Now, of course at different places there are different dress codes, and I agree that in the workplace you should meet that workplace's dress code. In my work place the dress code is 'corporate clothing'. So nothing too casual- like jeans or t-shirts, and no clubbing attire or cocktail dresses. However, I don't think this is much of a problem at my work. I have occasionally seen people dressing a little casual for what I would consider 'corporate', but if their supervisor hasn't decided it's a problem, than it's none of my business. The woman in question, after reflecting on previous conversations with her, seemed to think that wearing high heels and dress to work made her 'feel like a prostitute'.

It all comes down to this- if someone is adhering to the dress code is the responsibility of that person and their supervisor if it becomes a problem. It is not up to anyone else to judge someone because they believe that person is dressing like a slut (I believe there's no such thing, in fact.)

It's hard at times, because women and men today have been raised to judge women based on their looks and sexuality. But it's never okay to call women names simply for the way they dress, or how many people you think they've slept with. It's not okay to put women down for being a 'slut' or calling them a 'prostitute'.

And really, when it comes down to it, before you judge another woman based on her clothing choice, ask yourself one question- Why? Why do I care what that woman is wearing, really? How does it effect me one little bit?

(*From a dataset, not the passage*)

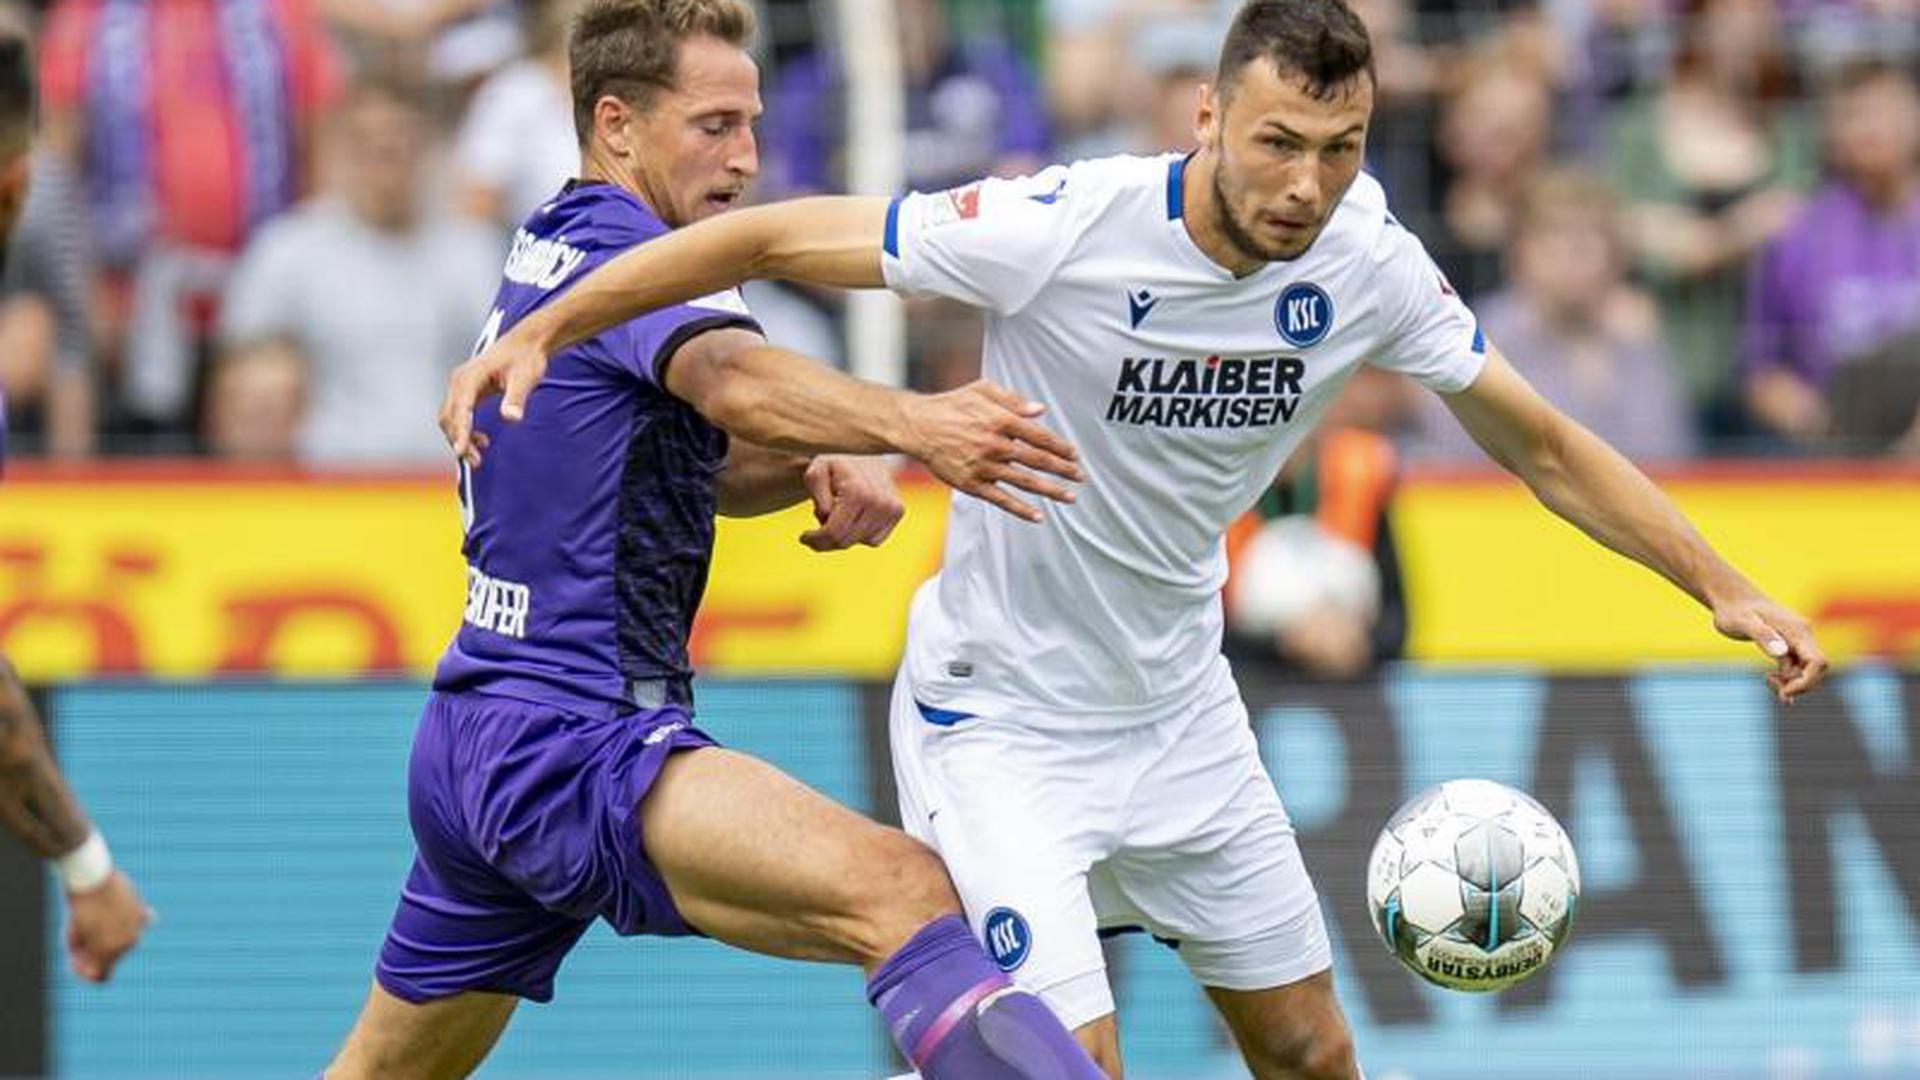 Ulrich Taffertshofer und Lukas Fröde im Kampf um den Ball
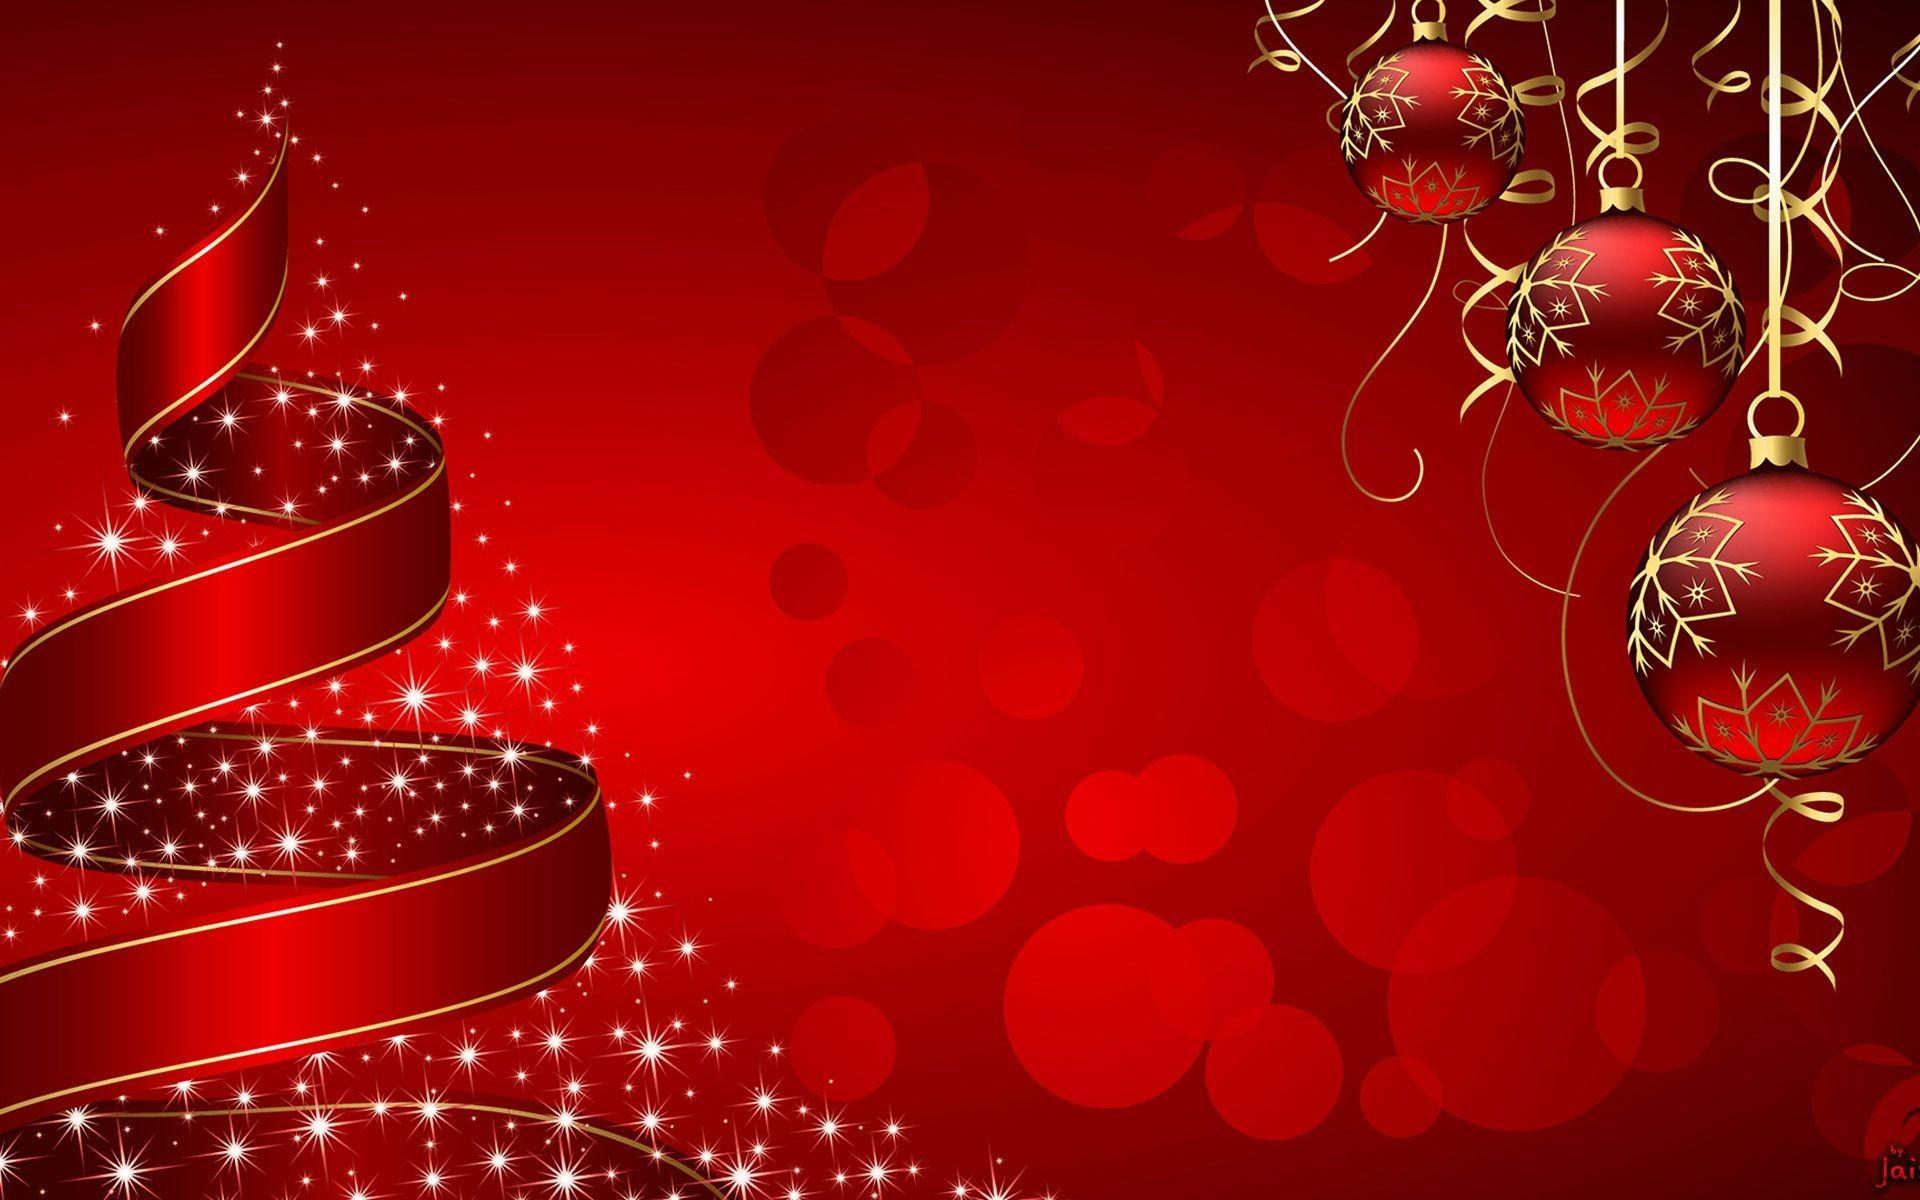 High Quality Free Christmas Wallpaper | Full HD Photos

Usually the answer is: it doesn't. So just stop.

5 comments:

  1. I am glad you do make the distinction, since I have worked in two places that had issues with employees who were in direct public contact who dressed very inappropriately for our business. Family members coming to our Hospice offices did not want to see the receptionist's thong and sacral tattoo from her way too low pants and her far too short shirt. And the mail clerk in the conservative jewelry company who literally bought her clothes from Fredericks, including her leopard skin stilettos...
    In both cases the bosses were women who had an extremely hard time discussing the problem directly with the employee, in private. Instead we had group meetings where the dress code was passed out and "no names were mentioned" as everyone stared at the person who was the issue.
    While I agree that accusing someone of dressing "like a hooker" is inappropriate, it is also quite embarrassing to have your client call you and ask you why a prostitute was given their jewelry to deliver!